“I’m shocking myself. I’m the diplomat here,” explained a bewildered Bill O’Reilly last February on Fox News in defending the Bush administration’s decision to allow Dubai Ports World, a state-owned company in the United Arab Emirates, to manage several U.S. ports. “If America spits in the eye of the UAE, which is a huge help in the war on terror right now, if we tell these people to take a hike just because they’re Arabs, we’ll lose the help of all the rest of the Arab world.”
When Bill O’Reilly warns against spitting in another country’s eye, something strange is afoot. Ever since September 11, commentators like O’Reilly, Rush Limbaugh, and The New York Post editorial page have been the Republican Party’s foreign policy id. They give voice to the unapologetic nationalism that frames much of the GOP’s foreign policy. They represent the tradition that Walter Russell Mead has called “Jacksonianism”—populist, militaristic, jealous of national sovereignty, more interested in making other countries respect and even fear America than in making them love us.

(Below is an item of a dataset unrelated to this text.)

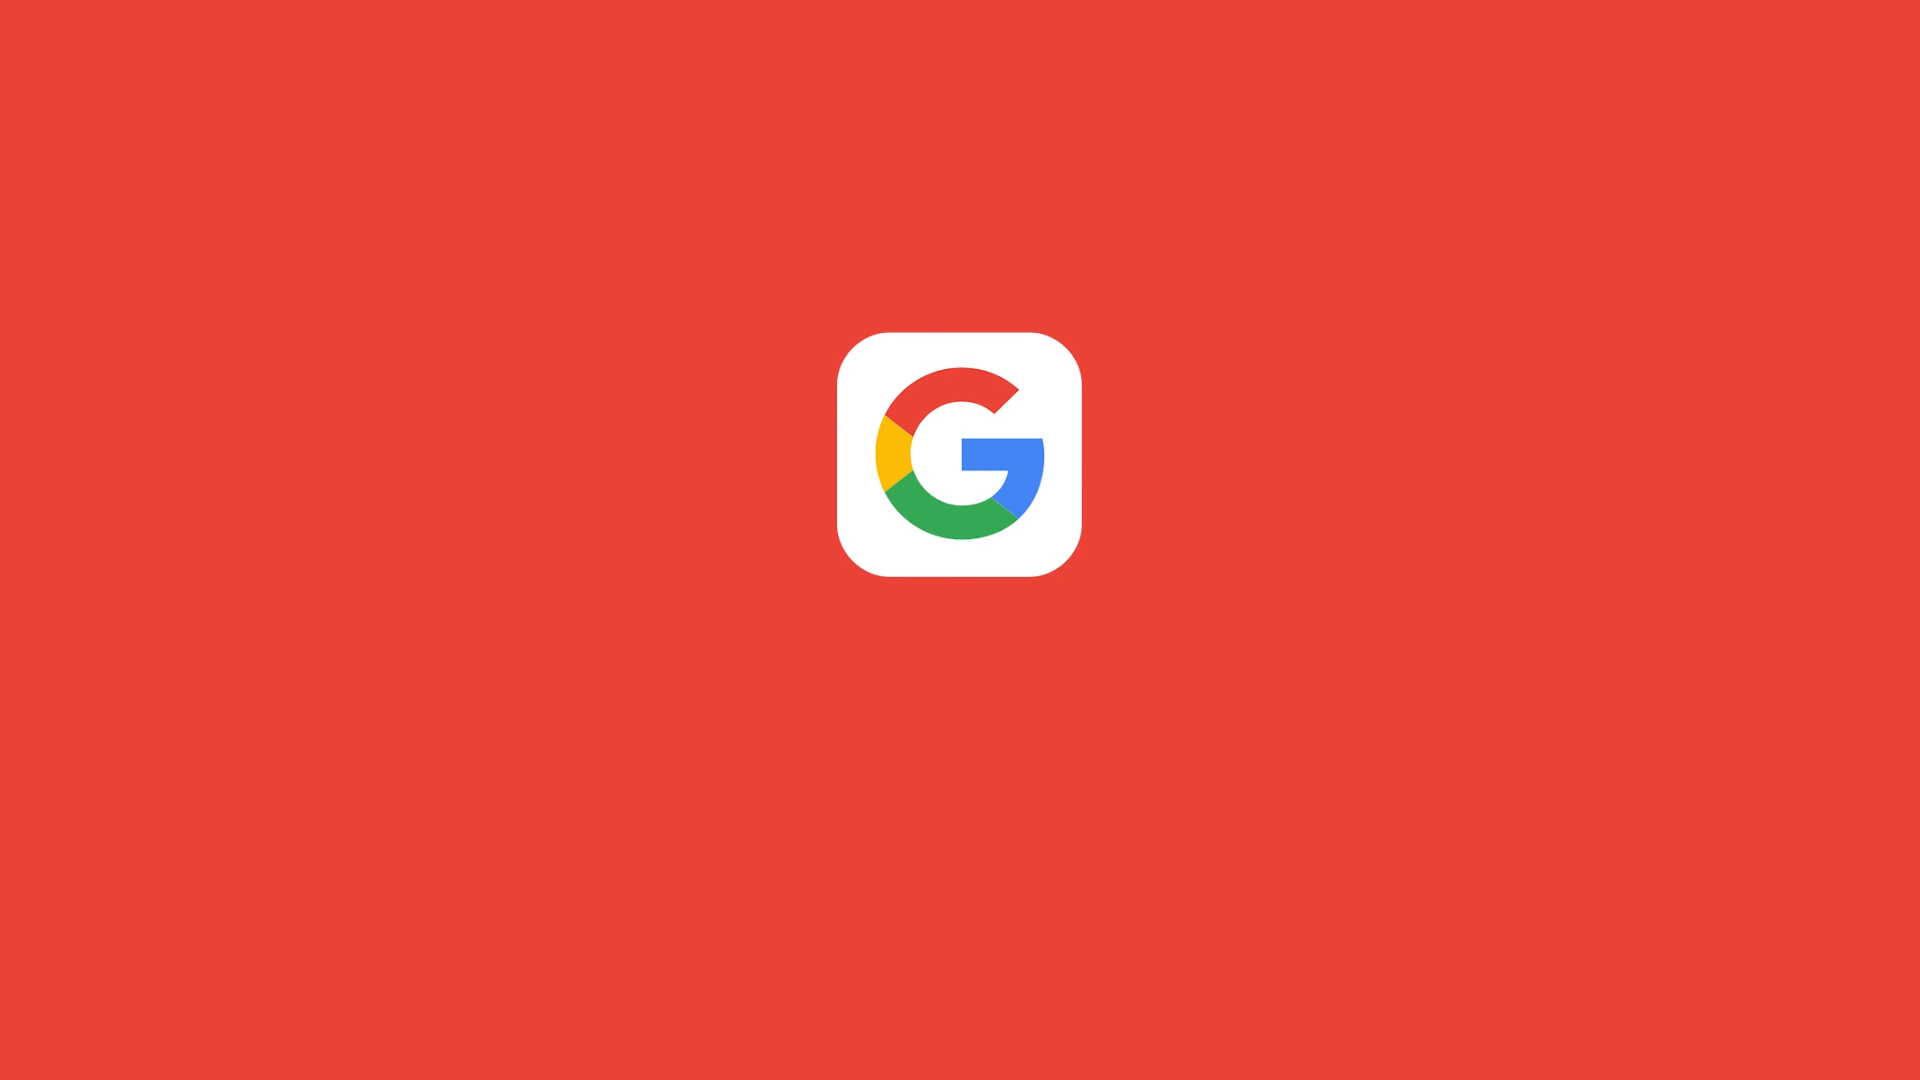 google-logo-fondo-rojo-youtu-be-ejtbz9-upos

The story of how Bill O’Reilly and George W. Bush moved away from Jacksonianism—and Democrats moved towards it—says a lot about the shifting currents in American foreign policy. As Mead argues in his 2001 book, Special Providence: American Foreign Policy and How it Changed the World, Jacksonians can be isolationist when they don’t feel threatened by foreign enemies; they don’t like foreign policy as social work. But when such enemies emerge, they demand a maximalist, bone-crushing response.